**The input**

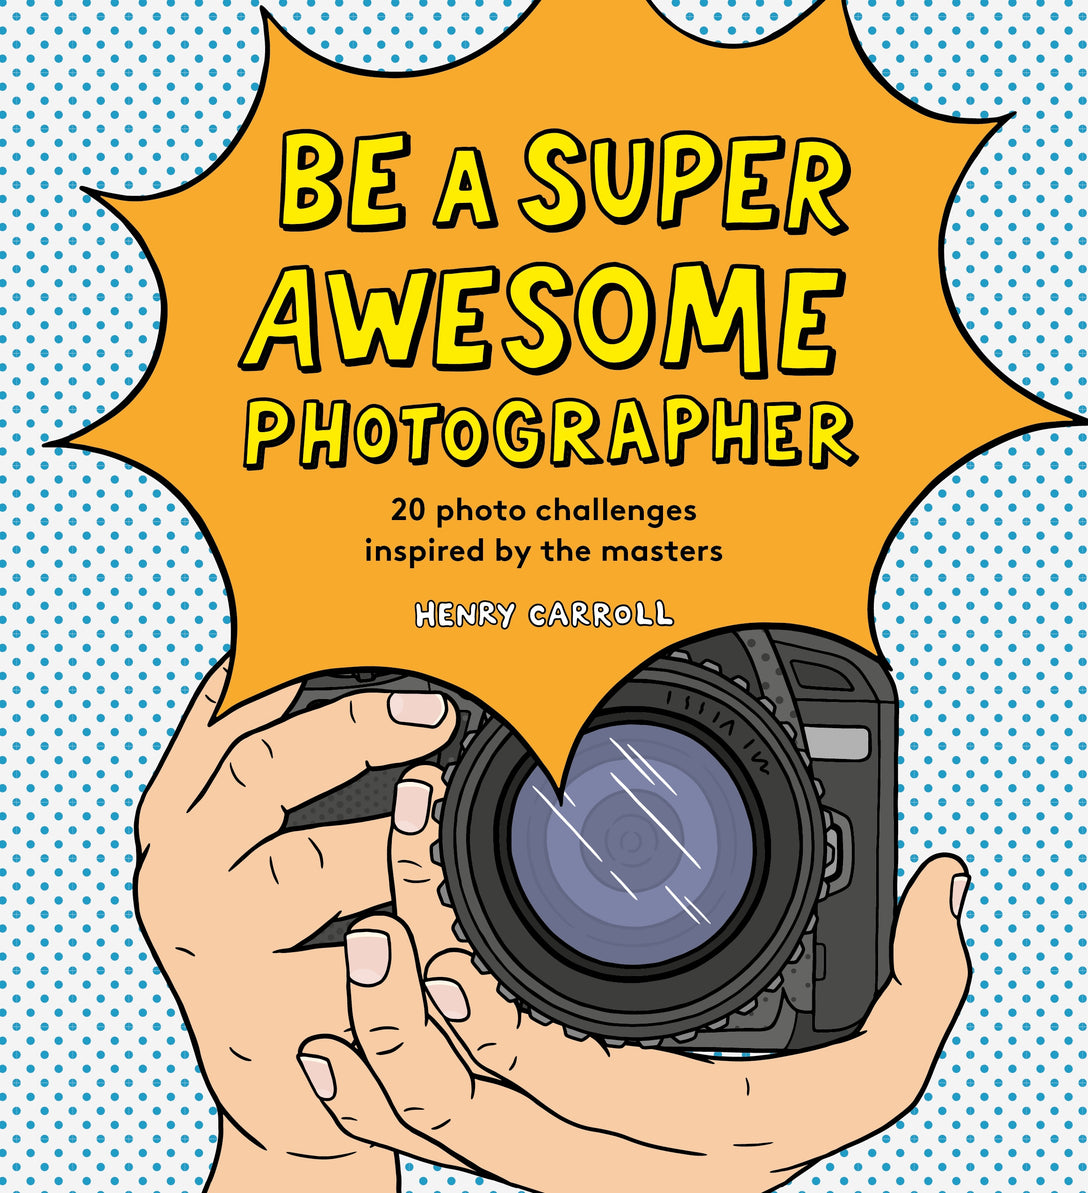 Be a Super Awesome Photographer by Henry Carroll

==

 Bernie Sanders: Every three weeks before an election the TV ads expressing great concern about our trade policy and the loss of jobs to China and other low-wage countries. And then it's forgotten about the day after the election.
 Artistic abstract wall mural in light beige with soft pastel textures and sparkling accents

...

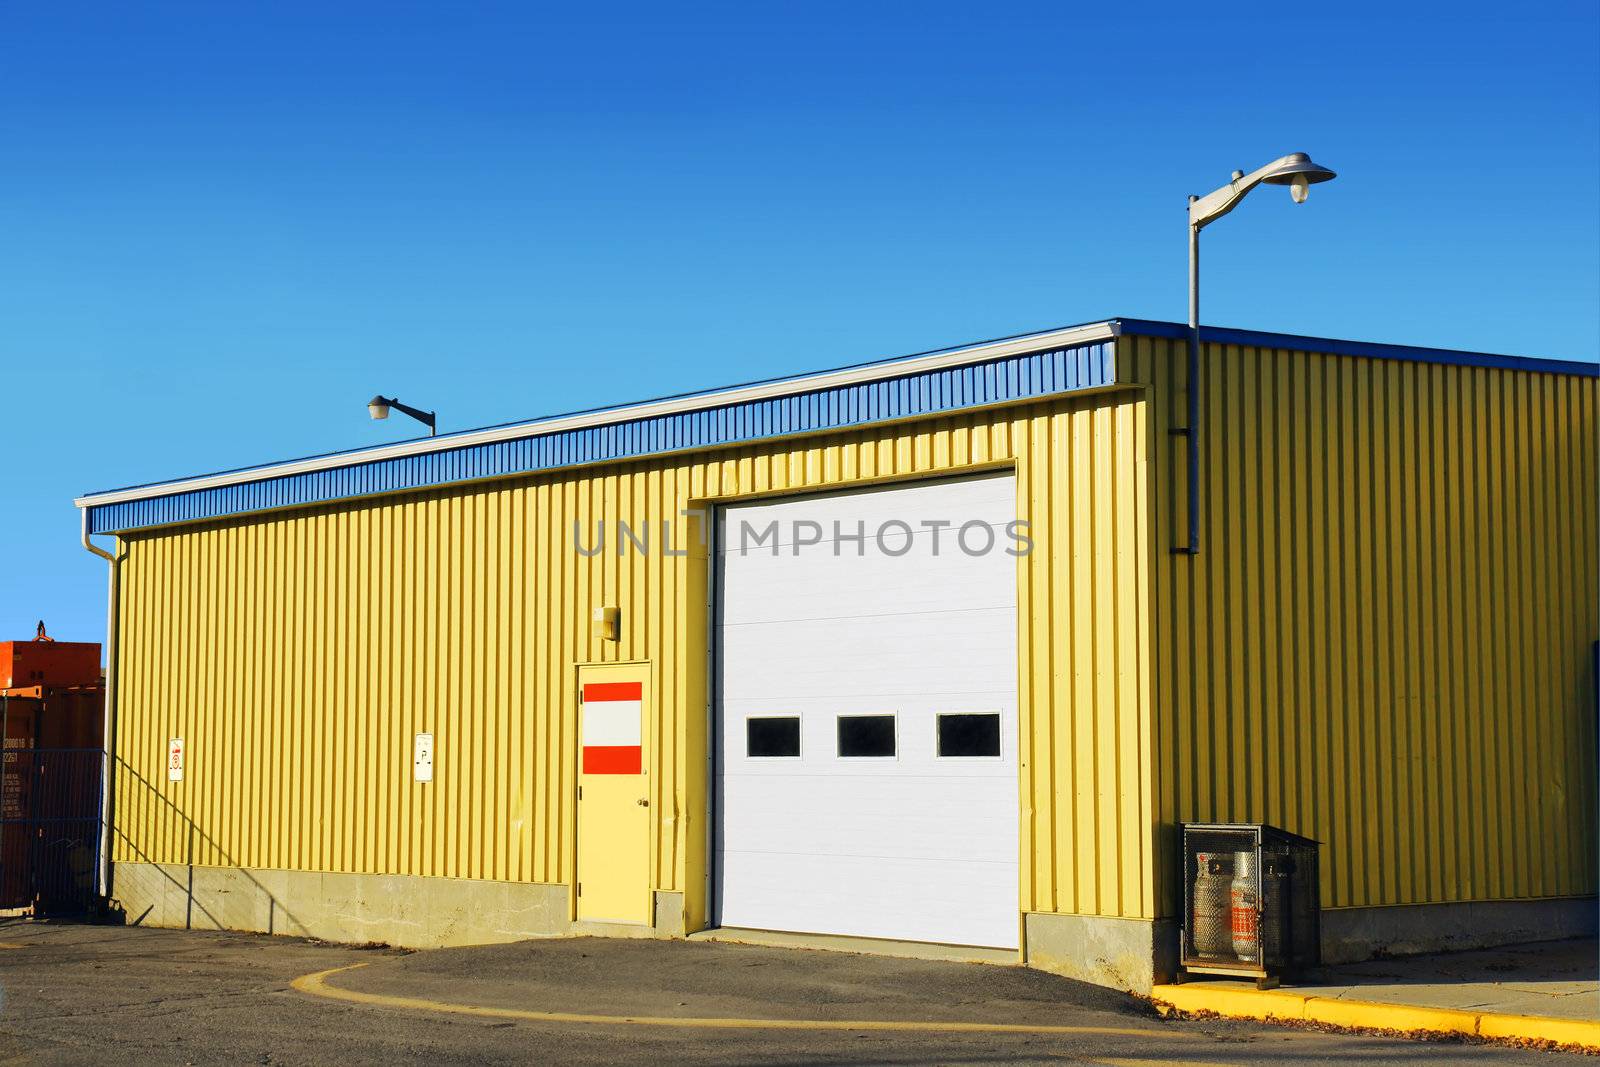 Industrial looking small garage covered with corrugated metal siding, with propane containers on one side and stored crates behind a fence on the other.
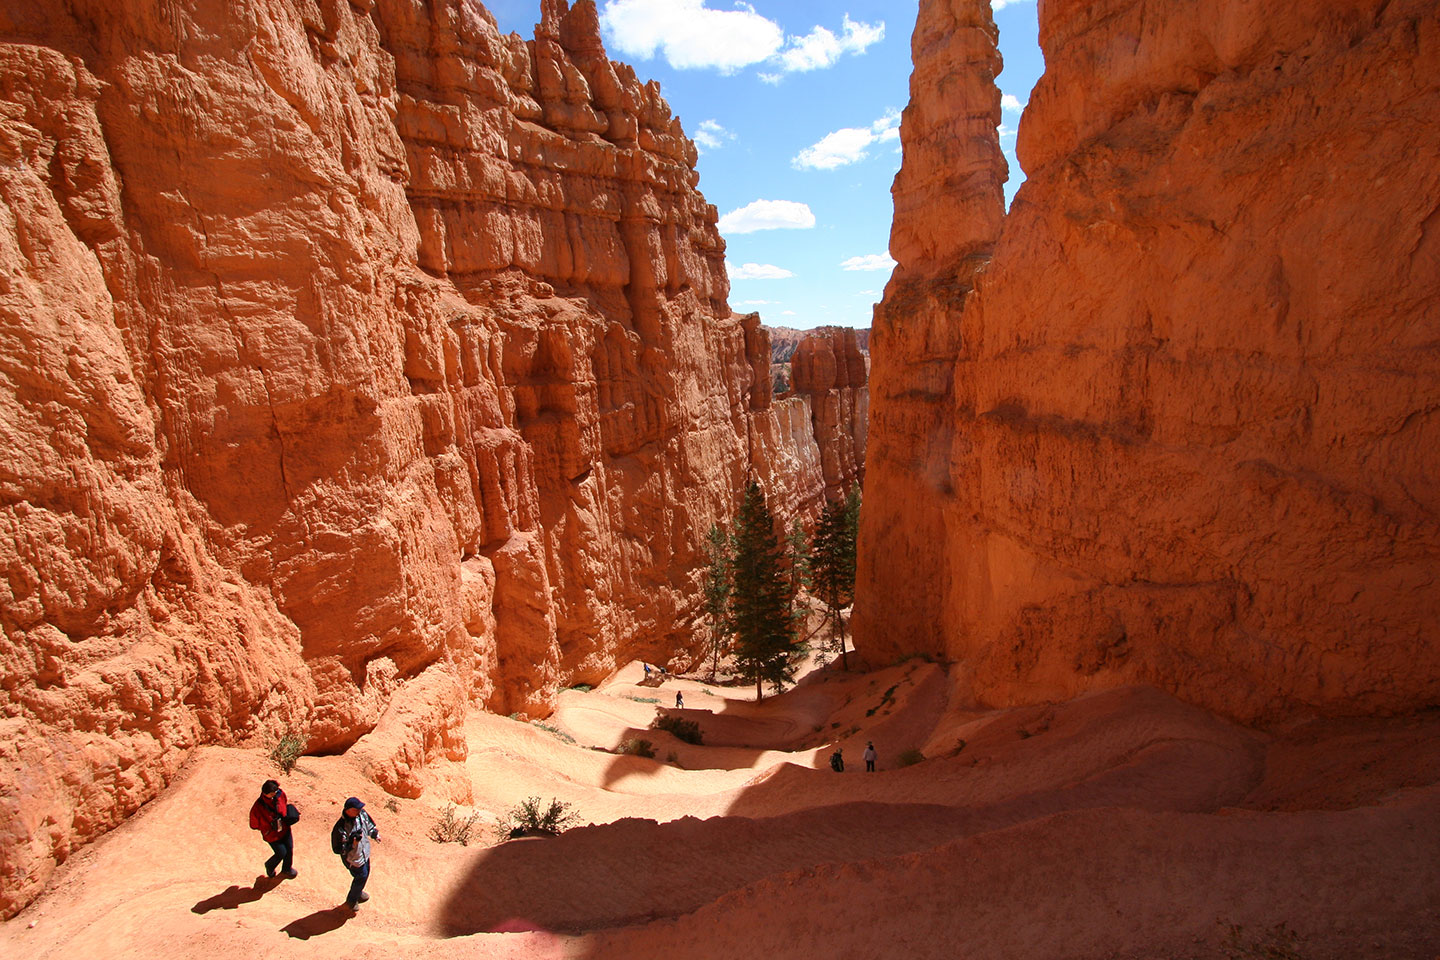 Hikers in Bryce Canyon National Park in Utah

**About this task**
In the entries above, every line from the line with "Industrial looking small" to the line with "Hikers in Bryce Canyon National Park in Utah" is to be printed exactly, with both ends included and pictures excluded.

**Solution below**
 Industrial looking small garage covered with corrugated metal siding, with propane containers on one side and stored crates behind a fence on the other.
 Hikers in Bryce Canyon National Park in Utah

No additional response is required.